Fact check: Kamala Harris blamed Trump for the recession. Is she right?
Kamala Harris says the nation’s worst recession in decades is due to President Donald Trump’s mishandling of the COVID-19 pandemic.
Mainstream economists disagree with the California senator, who is scheduled to give her acceptance speech as the Democrats’ vice presidential nominee to the party convention Wednesday night.
“The president’s mismanagement of the pandemic has plunged us into the worst economic crisis since the Great Depression,” Harris said last week when she accepted Democratic presidential nominee Joe Biden’s offer to join his ticket.
But Garrett Watson, senior policy analyst at the nonpartisan Tax Foundation, said Tuesday that “the economic downturn was driven primarily by the pandemic and associated public health response, which no one individual was responsible for.”

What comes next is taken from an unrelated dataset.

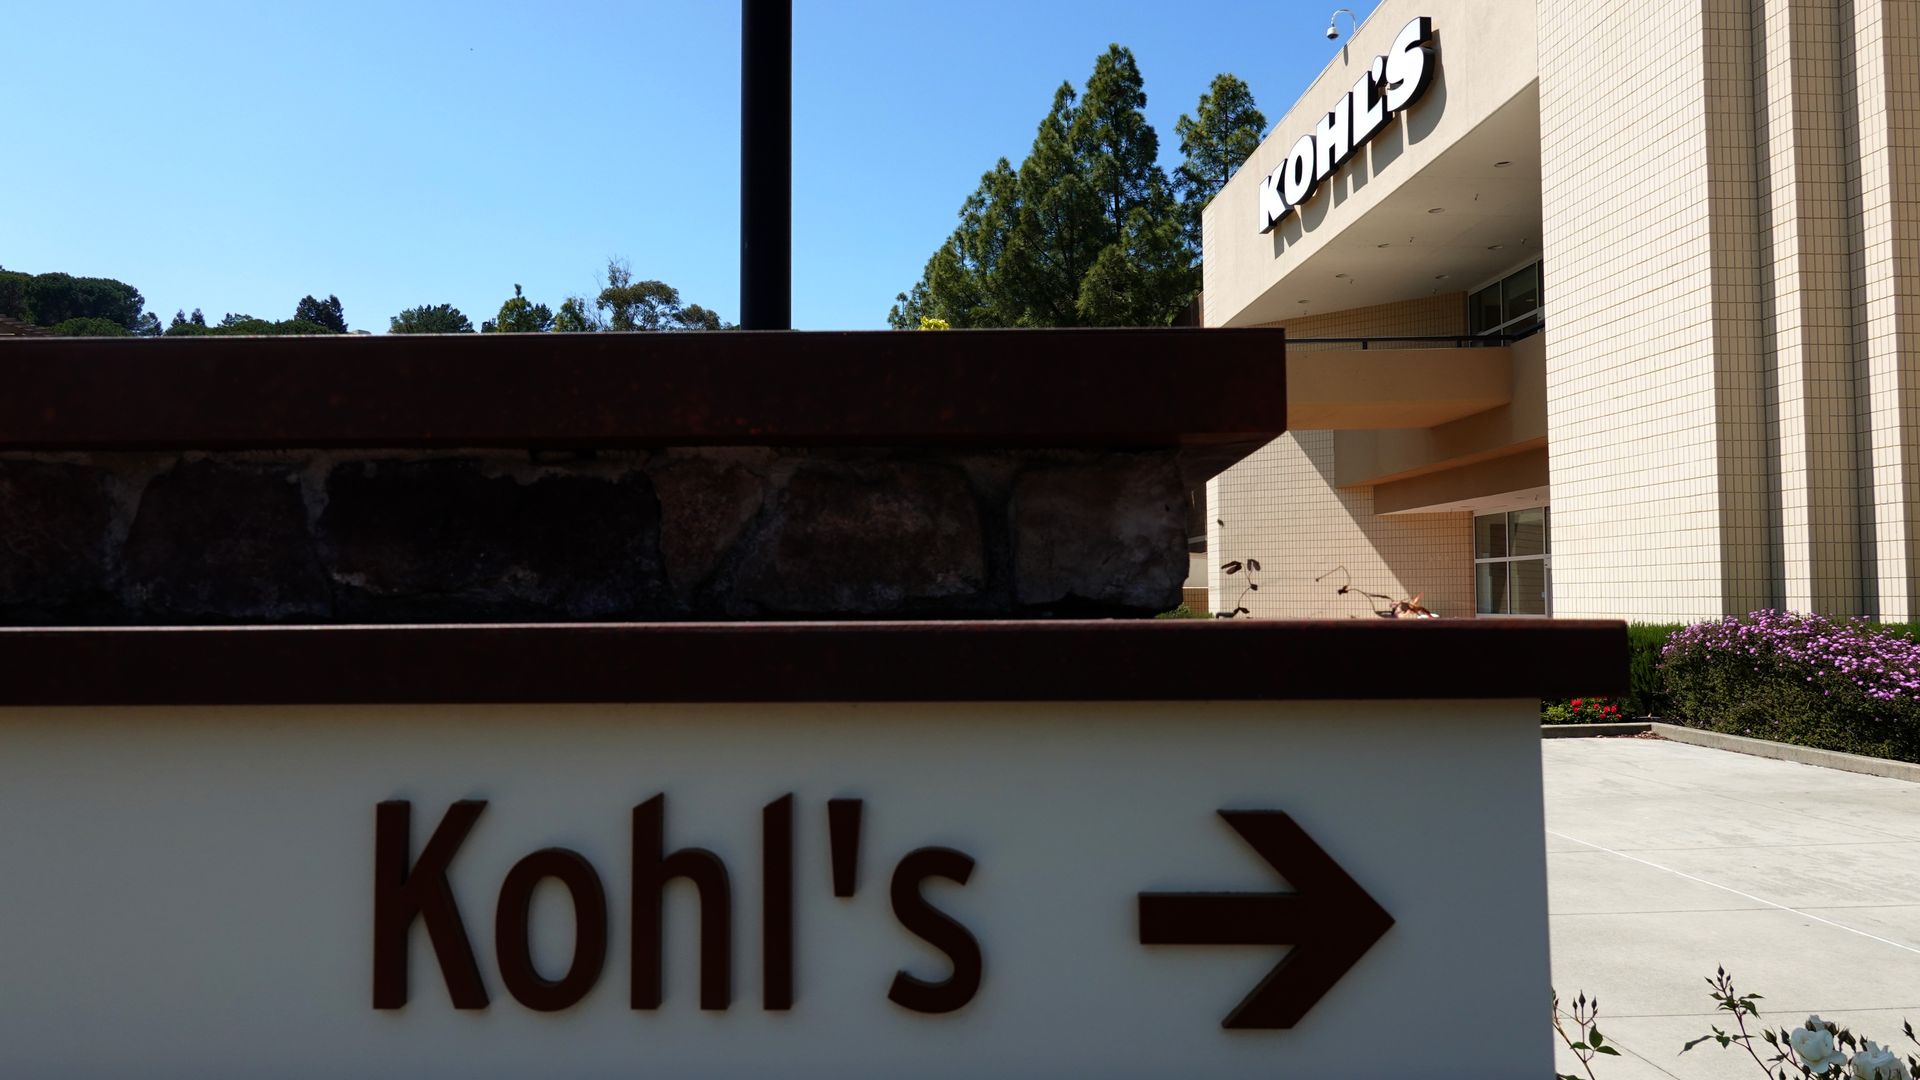 Sign that says Kohl's with an arrow pointing towards a Kohl's store

And, said Richard Prisinzano, director of policy analysis at the nonpartisan Penn Wharton Business Model, “I don’t think it’s fair to put the economy on Trump or the governors.” Governors, including California’s Gavin Newsom, were often those issuing stay at home orders that stymied the economy.
Trump’s handling of the pandemic has been widely criticized by Republicans and Democrats. As the pandemic began shutting down the economy March 11, he told the nation that the risk of getting the virus was “very very low.” As of Tuesday, the Centers for Disease Control reports 5.4 million cases in the U.S. and 169,870 deaths.
Trump also said that night, “This is not a financial crisis, this is just a temporary moment of time that we will overcome together as a nation and as a world.”
Today, there is general agreement among independent economists on the causes of the recession, and it’s not Trump. “This is kind of self-imposed,” said Prisinzano. Extraordinary steps were taken because officials did not want people engaging with others.
The arbiter of recessions is the nonpartisan National Bureau of Economic Research’s Business Cycle Dating Committee. Robert Hall, senior fellow at the Hoover Institution at Stanford University, chairs the panel that reported in June on current economic conditions. The eight members participating included three from the University of California at Berkeley.
The committee found “the pandemic and the public health response have resulted in a downturn with different characteristics and dynamics than prior recessions.’’
As a result, “it concluded that the unprecedented magnitude of the decline in employment and production, and its broad reach across the entire economy, warrants the designation of this episode as a recession, even if it turns out to be briefer than earlier contractions.”
Nowhere in its June 8 statement describing its findings was Trump or his administration mentioned.
The seasonally adjusted Gross Domestic Product, the value of the nation’s goods and services, plunged at an annual rate of 32.9% in the second quarter of this year after dropping 5% in the first quarter.
Many economists thought the second quarter could have been even worse, but federal economic relief plans supported by the White House and congressional Democrats helped ease the pain.